- _Assigned task_: Find the line with "シガレットロールシンプルさトムフォード TOM FORD" in the records below. Output exactly from there until after the line with "Air Jordan 3 Pure White (136064-111)", without pictures.

[Available data]

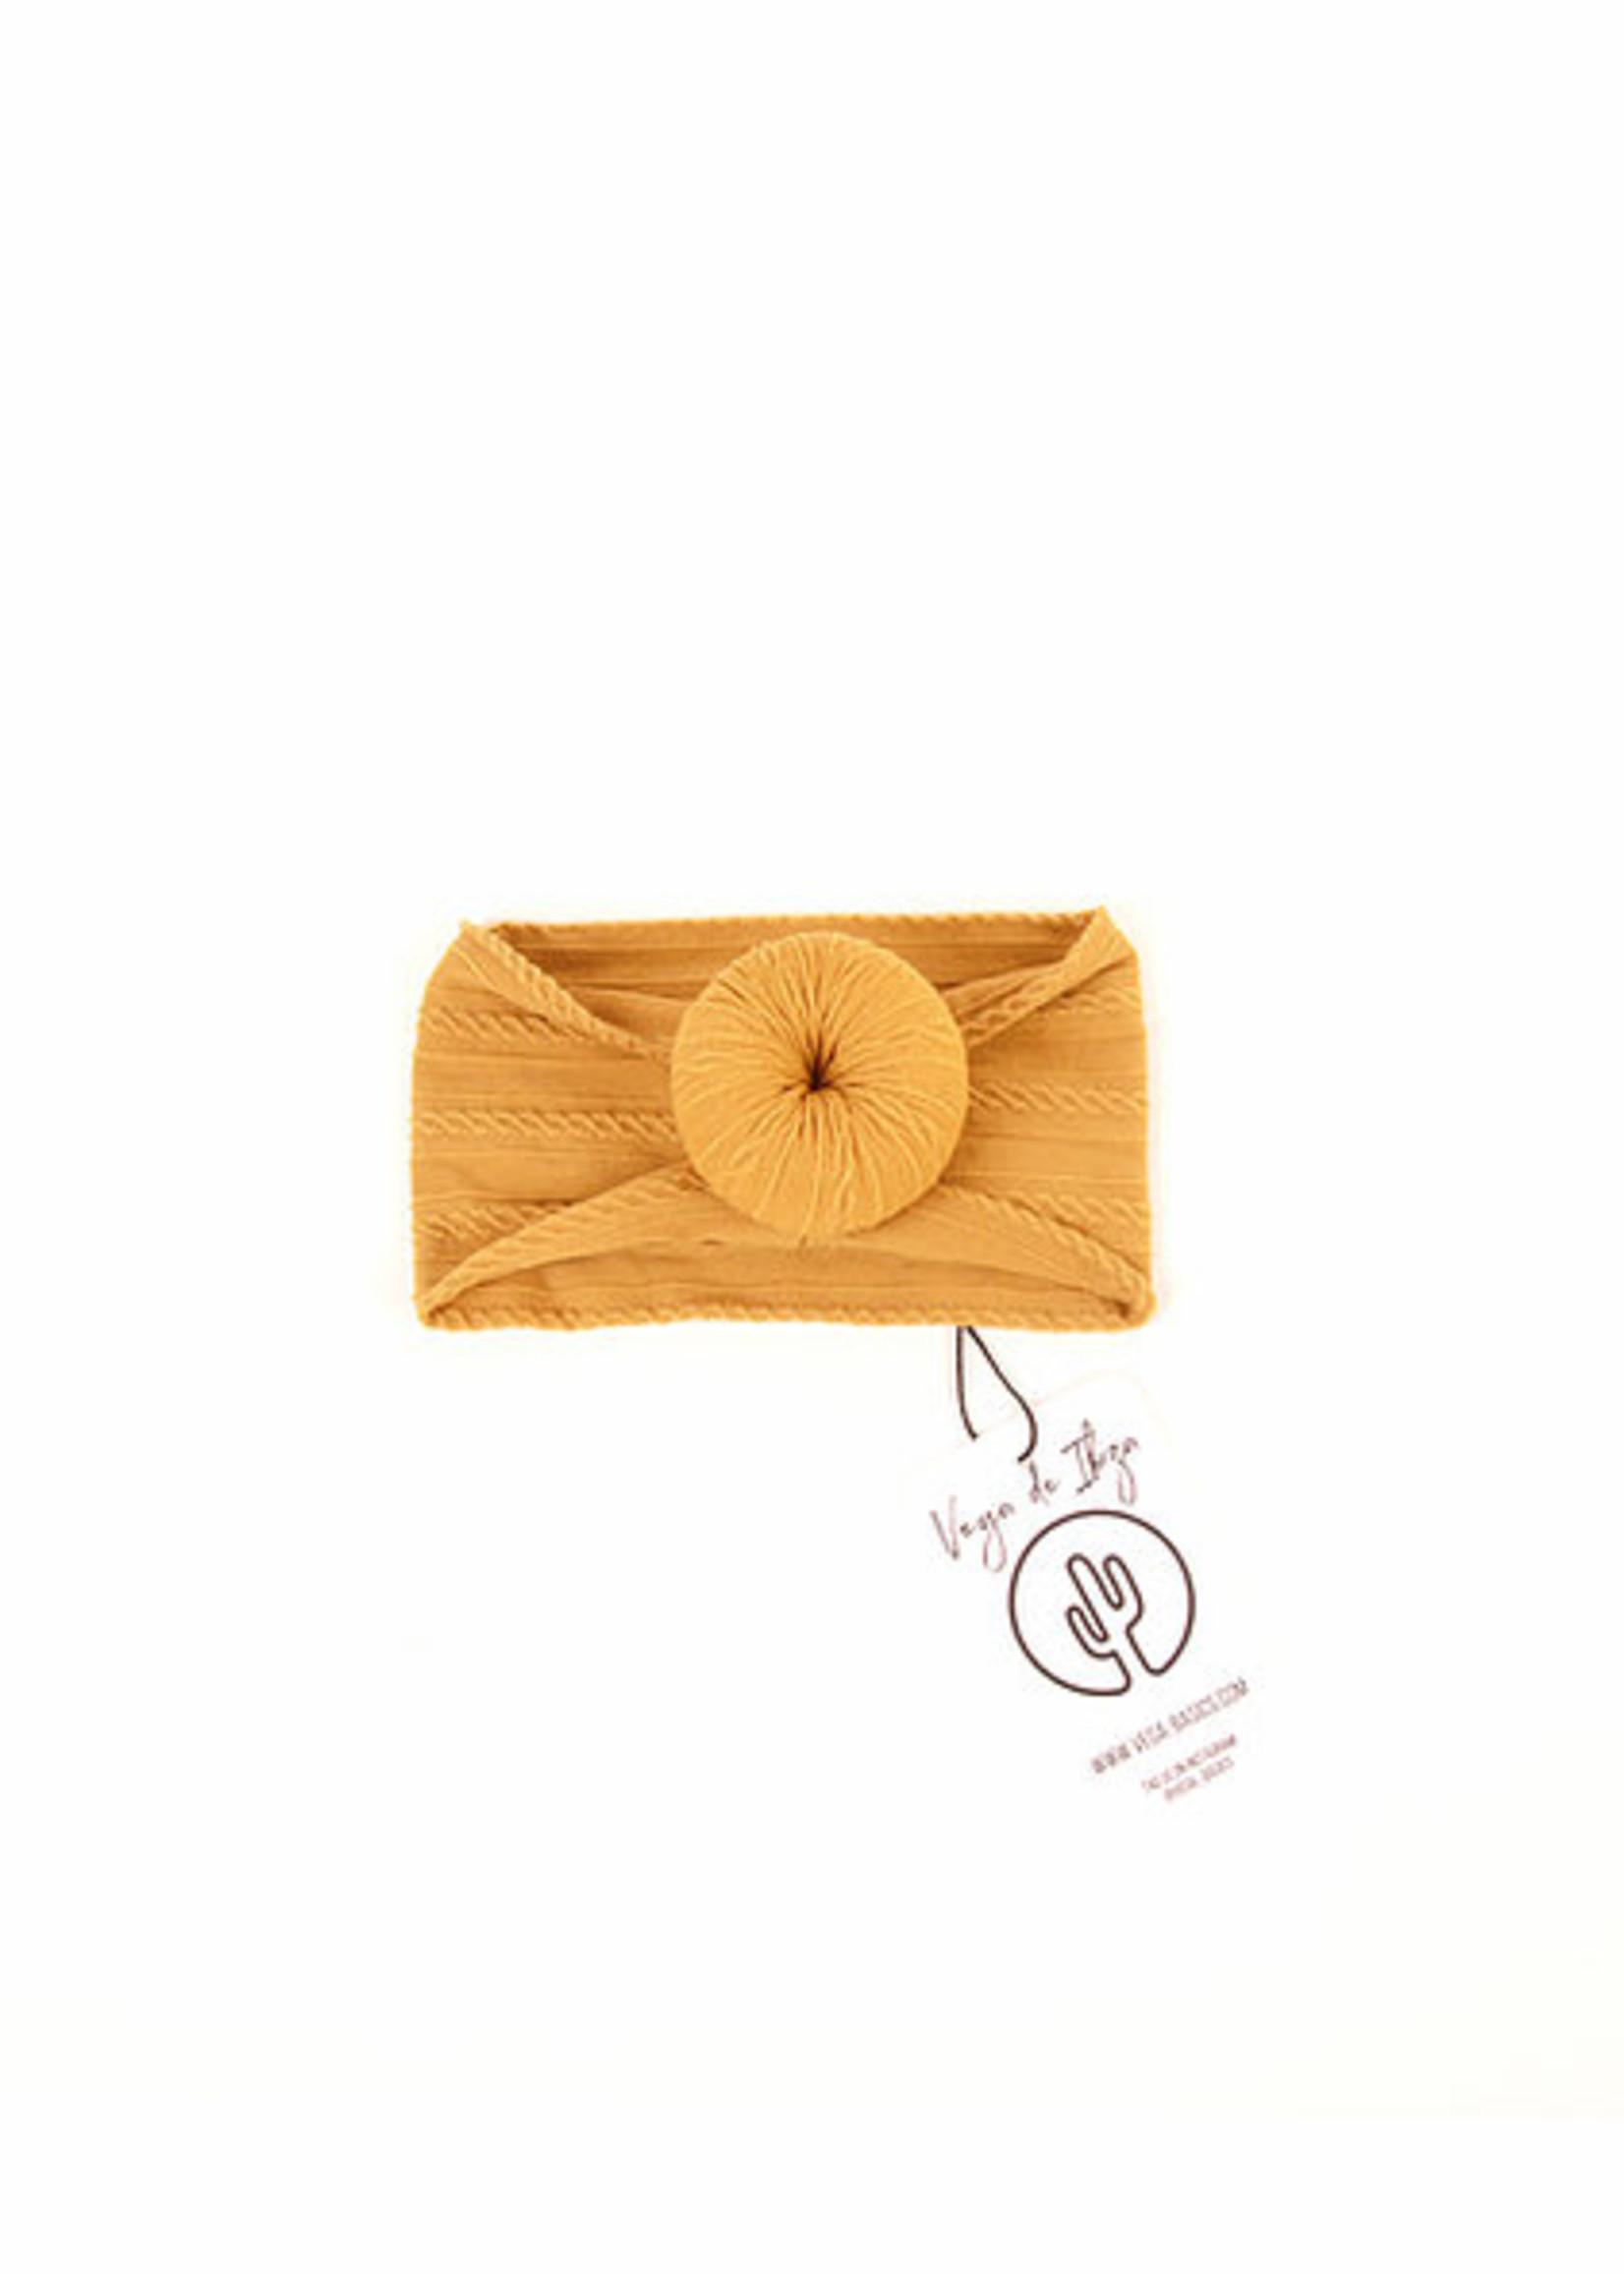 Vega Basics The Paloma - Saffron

[/Available data]
[Available data]

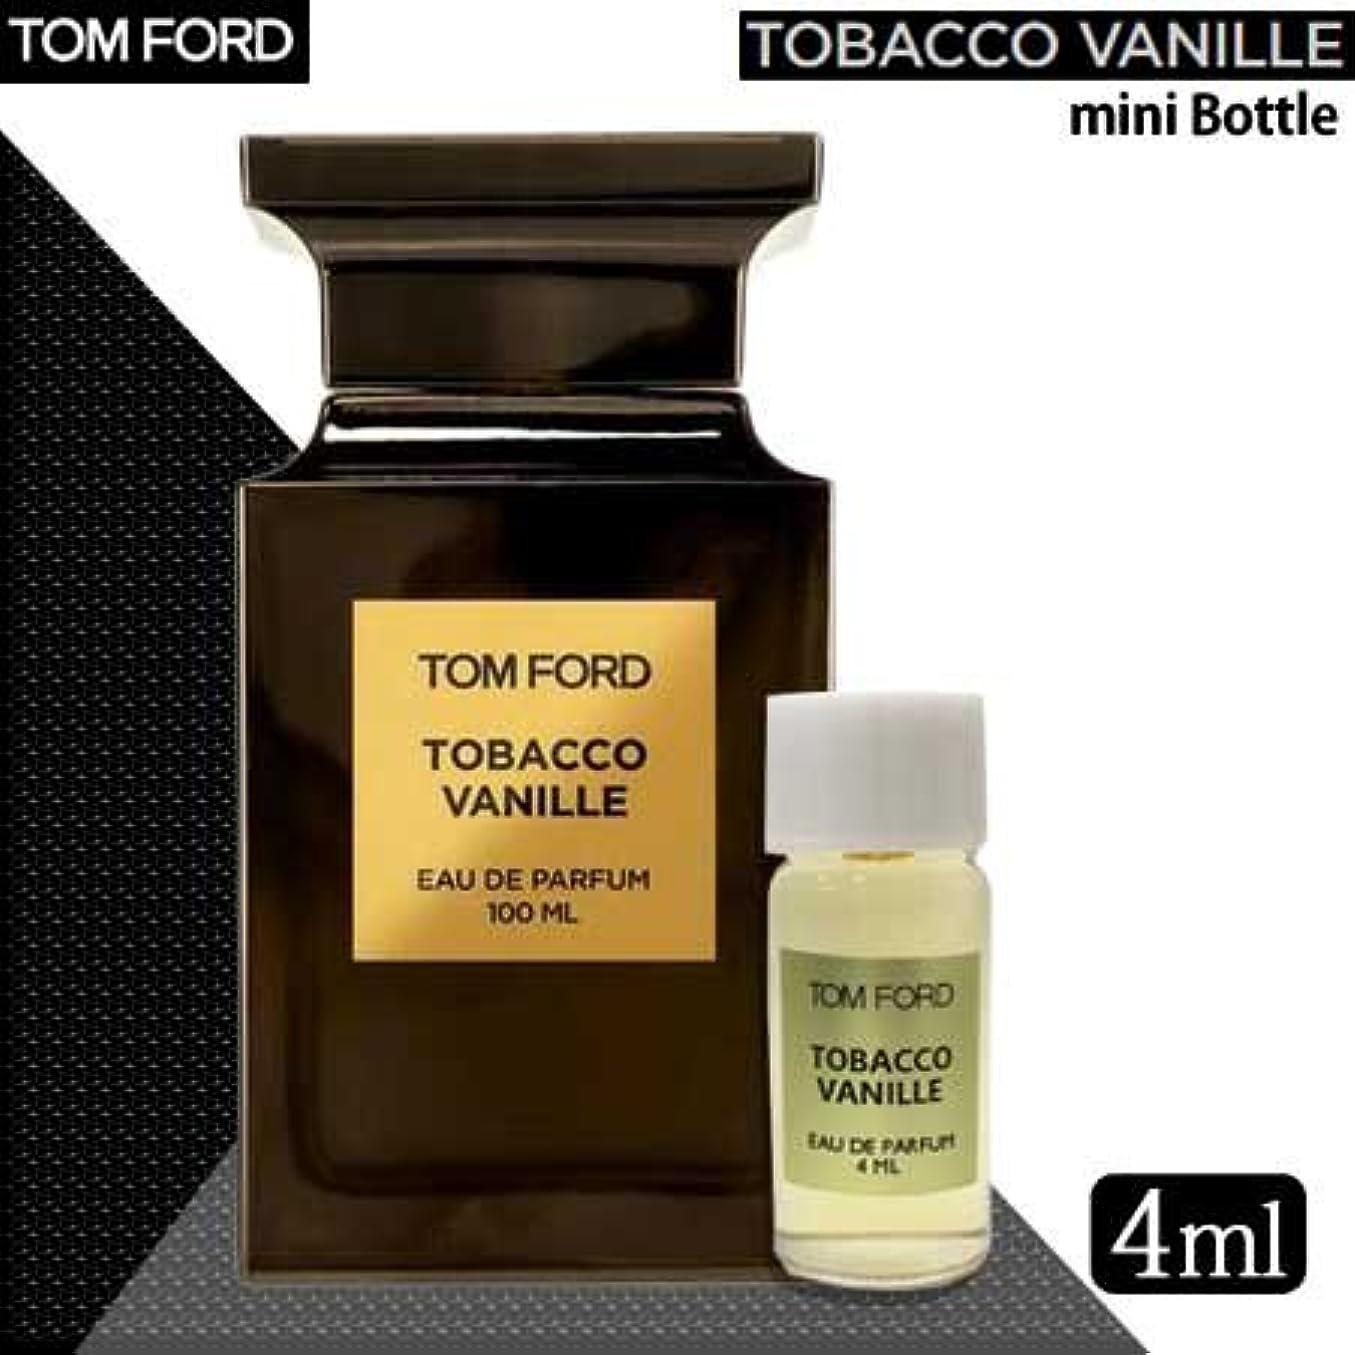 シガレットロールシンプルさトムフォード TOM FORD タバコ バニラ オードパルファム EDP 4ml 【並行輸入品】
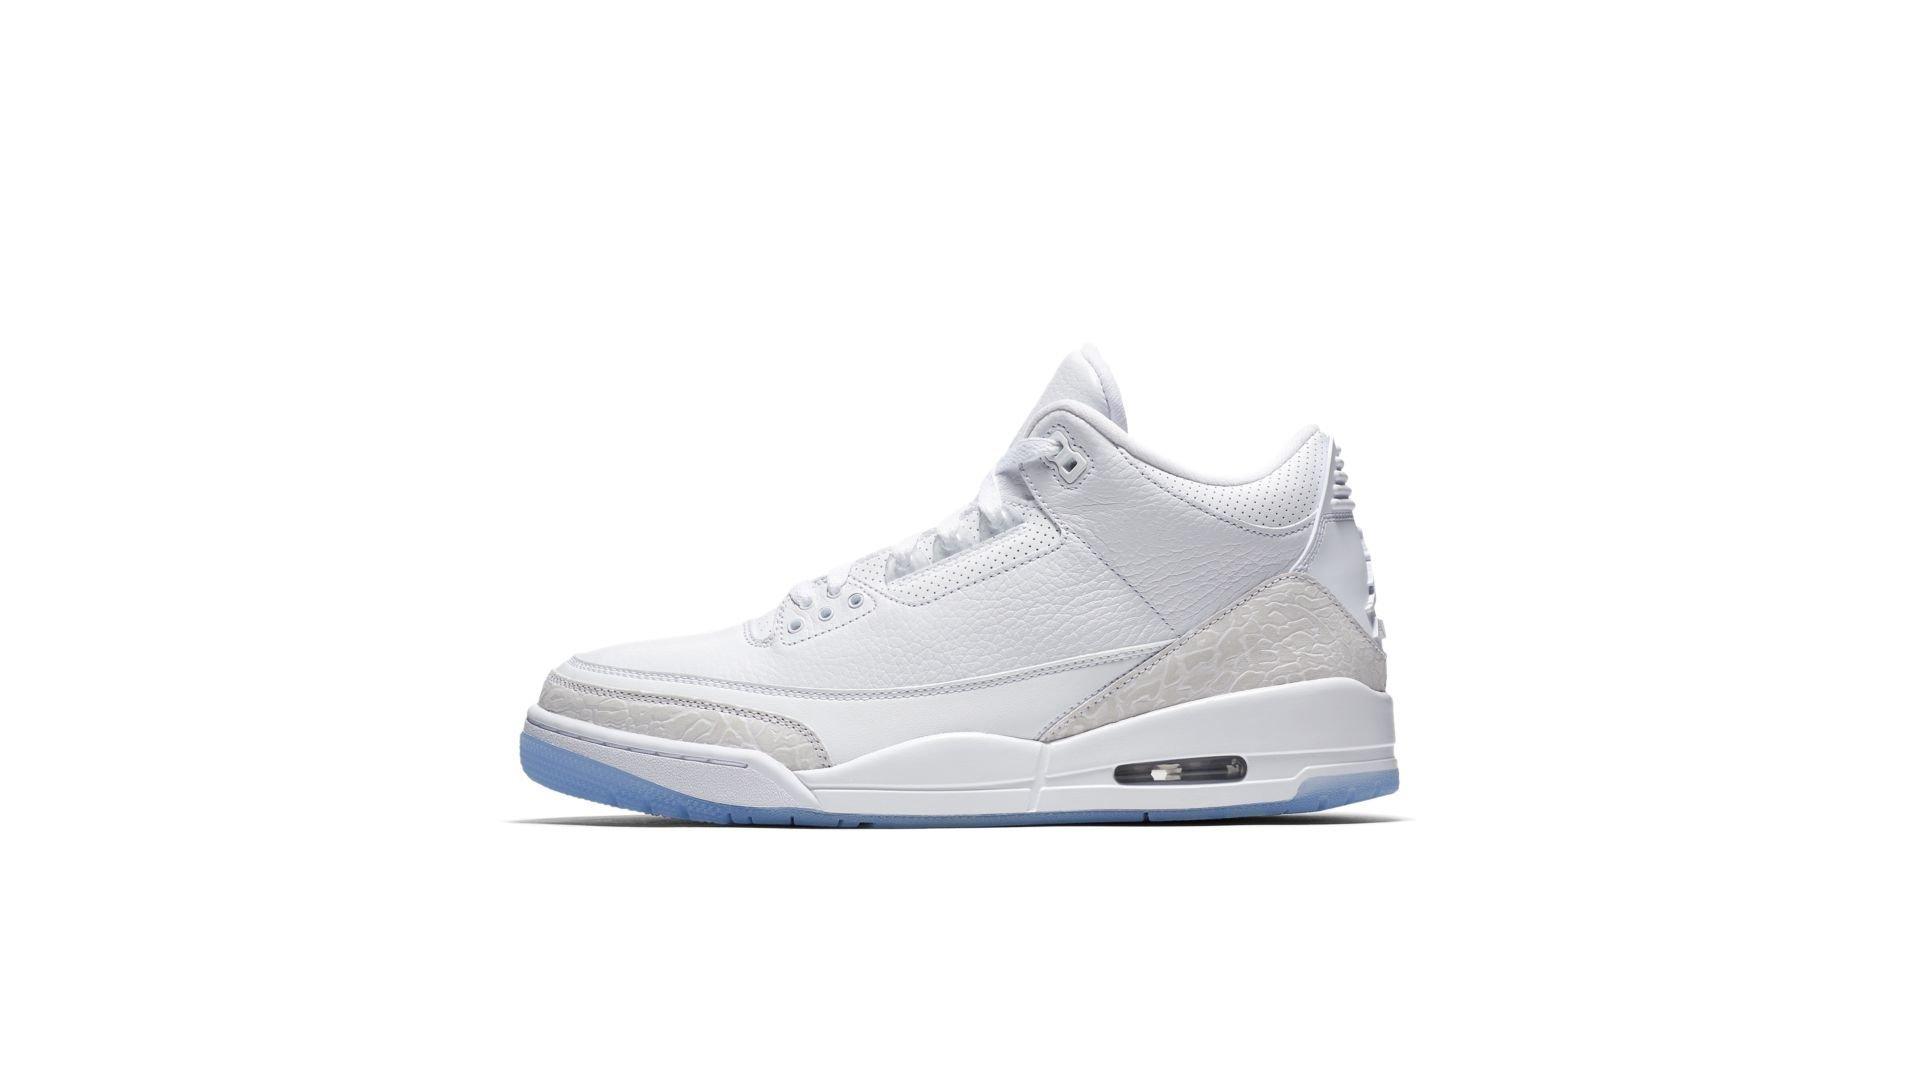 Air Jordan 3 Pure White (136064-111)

[/Available data]

- _Solution to the exercise_:
 シガレットロールシンプルさトムフォード TOM FORD タバコ バニラ オードパルファム EDP 4ml 【並行輸入品】
 Air Jordan 3 Pure White (136064-111)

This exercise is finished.